Wednesday, June 11, 2008

Why Oil Costs So Much

Perhaps you have seen the circus in the U.S. Congress recently, where they have proposed "windfall" profit taxes on the five largest oil companies. And, where one Senator pleaded with a CEO in a strained voice, asking "Don't you see what you're doing to your country?"

Or, in another fit of irrationality, Congress' newly proposed legislation to undo the Carter reform of pricing oil in a commodities market. They have proposed this to thwart the greedy Wall Street speculators.

Surely, there must be evil lurking somewhere. There must be some scapegoat to pay the price.

But, it isn't to be.
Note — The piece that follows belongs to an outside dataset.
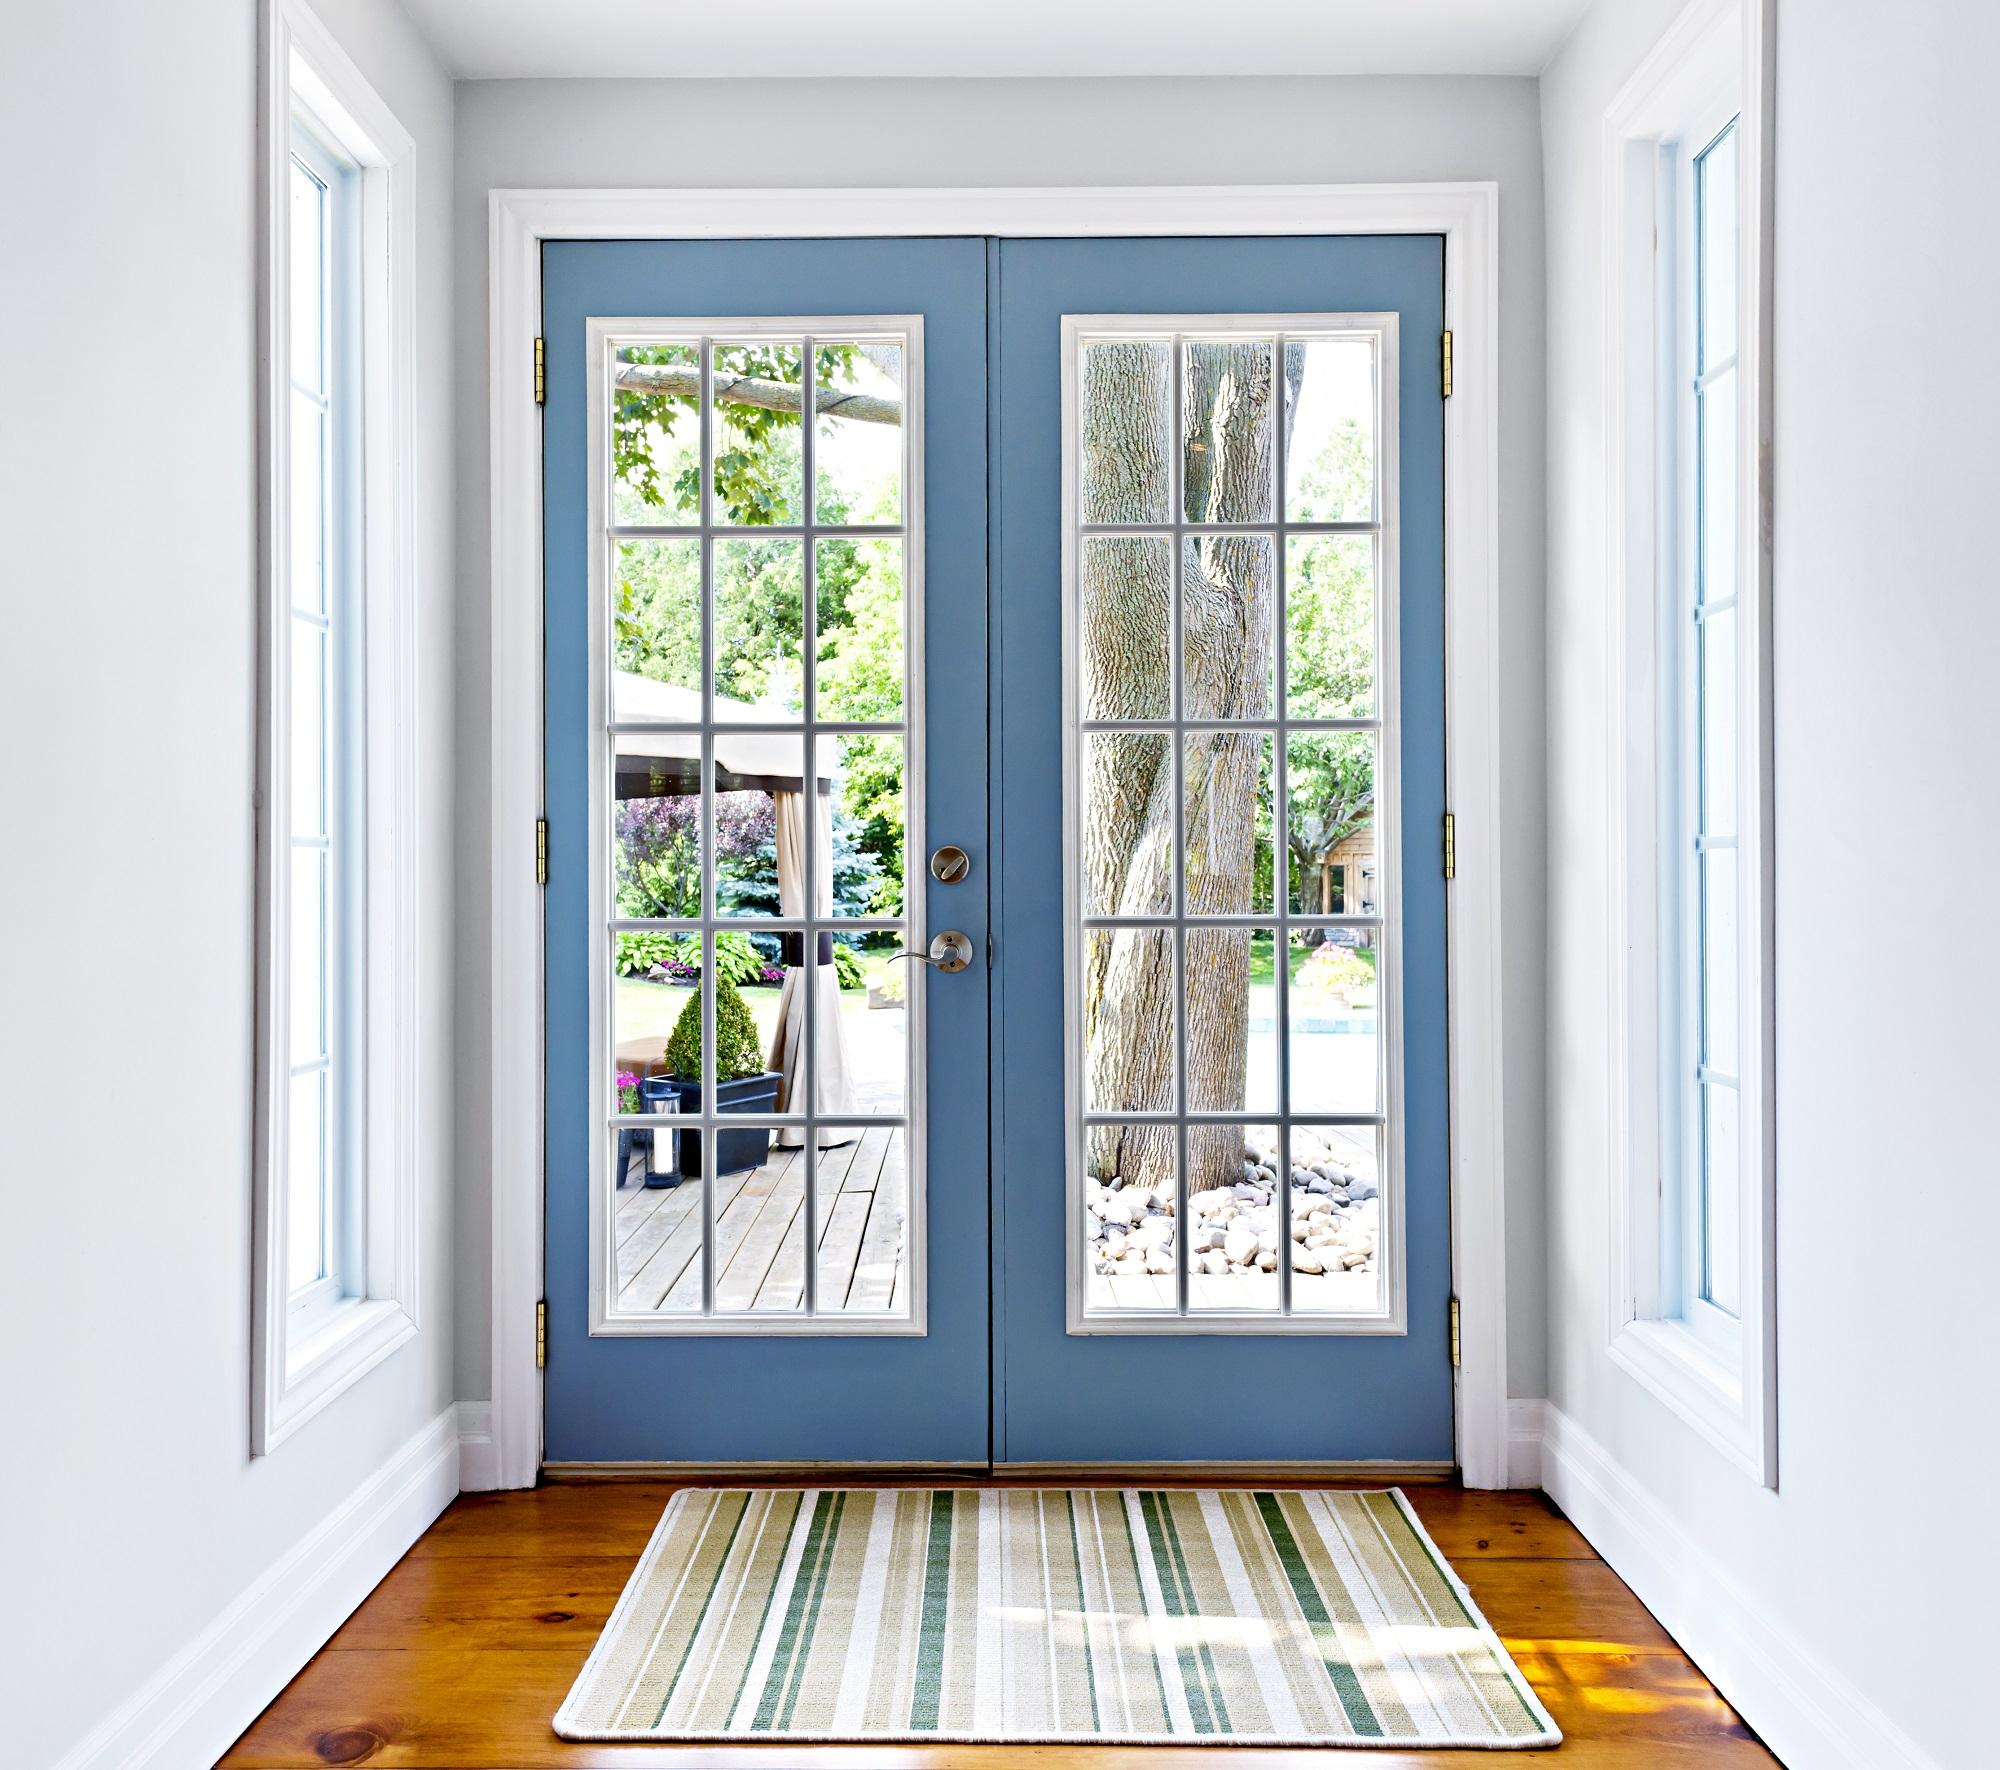 Améliorez l'isolation de votre maison avec les bonnes fenêtres 2

I did a little research on my own a few days ago, and convinced myself of what BP has provided in its own Statistical Review of Global Energy 2008.

In their report, they point out that oil production FELL by .2% in 2007, despite through the roof prices. In fact, I found on Wikipedia that oil production has been roughly flat since the beginning of 2005.
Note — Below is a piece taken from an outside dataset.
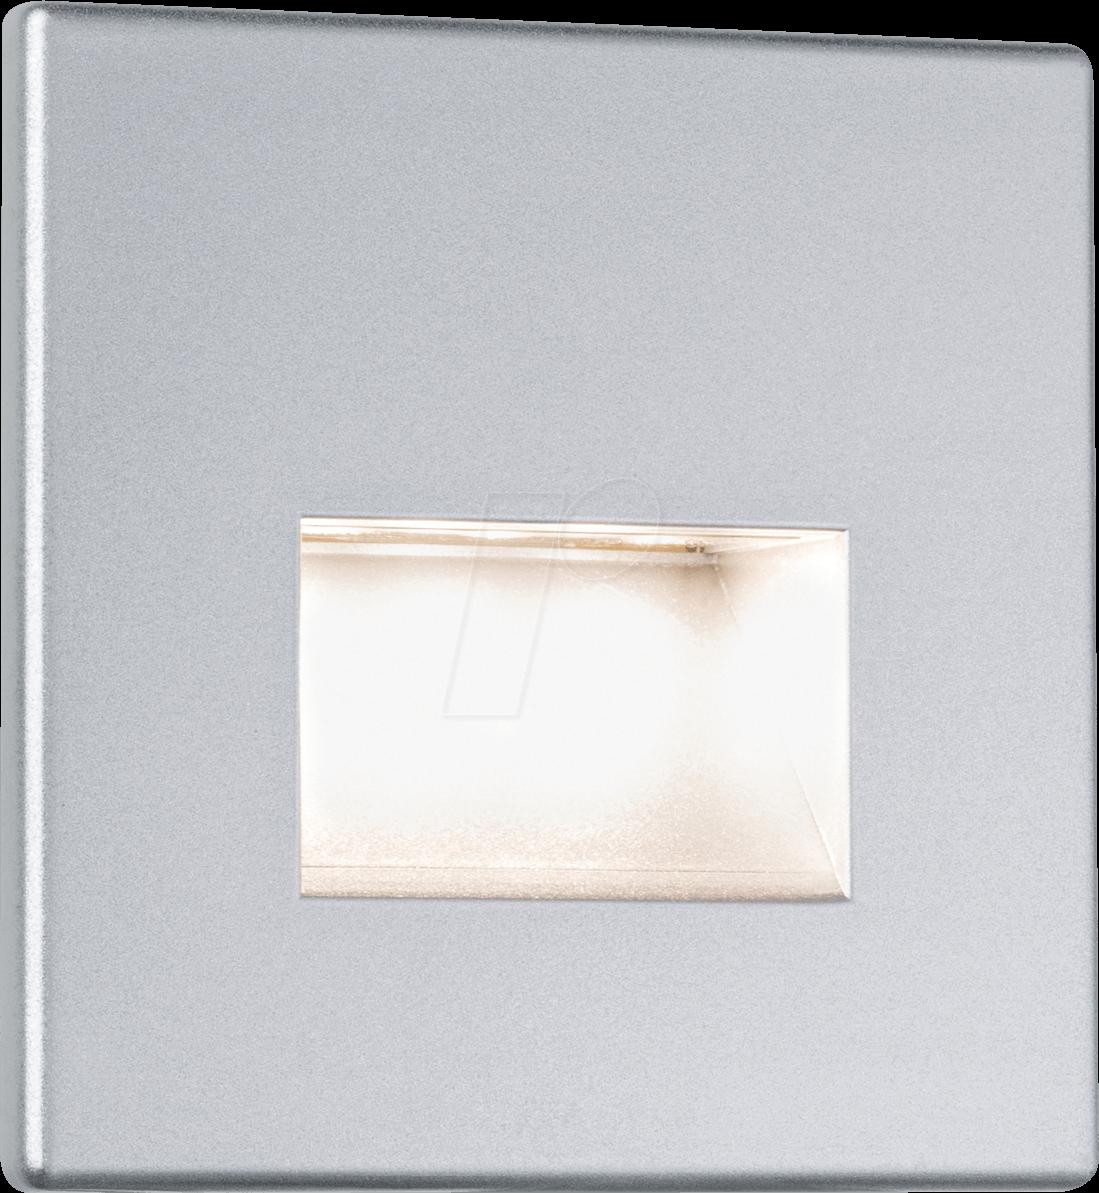 PLM 99495 - Einbauleuchte, 1,1 W, 116 lm, 2700 K, chrom

What does this mean? Normally, when demand falls, the price drops, and then the supply falls. The reason that supply falls is that each oil well has a price per barrel where it makes economic sense to remove it from the ground. In other words, if it took $100 per barrel to pump the stuff out of the ground, why do it if the price is only $90 per barrel on the open market? You'd be losing $10 per barrel that you sold, and you wouldn't last long in the oil business.

Up to 2005, this relationship is solidly in place. You can put the price chart next to the supply chart, and see them moving together. But starting in 2005, the production stops going up; it's as if it hits a limit. The price keeps rising, because the world economy is growing, and it needs more oil to function. Those prices should have caused more expensive barrels in the ground to be pumped up - but they haven't.

Why? My thinking at the moment is that high prices are stimulating exploration and production - the problem is that old production is falling away, as old fields decline. It may be that technology will bail us out of this (new ways of pumping previously unreachable oil), or that new production projects that can meet the world's demand have long lead times. But, at 3.5 years of elevated prices (and counting), my hope there is starting to run thin.

Basically, this is supply and demand. Not greedy speculators and not evil oil companies. This is the result of billions of people around the world emerging from poverty and improving their material life style.

3 comments:

Brian said...

Interesting analysis...

I would think it is time for the gov. to allow drilling in Alaska and off the coast of FL. However, I'm thinking that will not be a permanent solution.

Unknown said...

FINALLY.

I have been missing your smarts. I've had to, you know, resort to The Today Show for my news. (incidentally, today's episode had Senators McCain and Obama discussing this very topic).

Brad said...

China is already drilling off the coast of Florida
http://www.americanfreepress.net/html/china_starts_oil_drilling.html

As an employee of the airline industry I think oil hedging is an interesting concept. Airlines invest in oil futures and derivatives to protect themselves from an increase in price (i.e., they are speculating on higher oil prices)

Airline hedging policies seem almost identical to "wall Street" speculation that is being blamed on high oil prices.

Does oil hedging have the unintended consequence of increasing the price of oil (even if only so slightly)?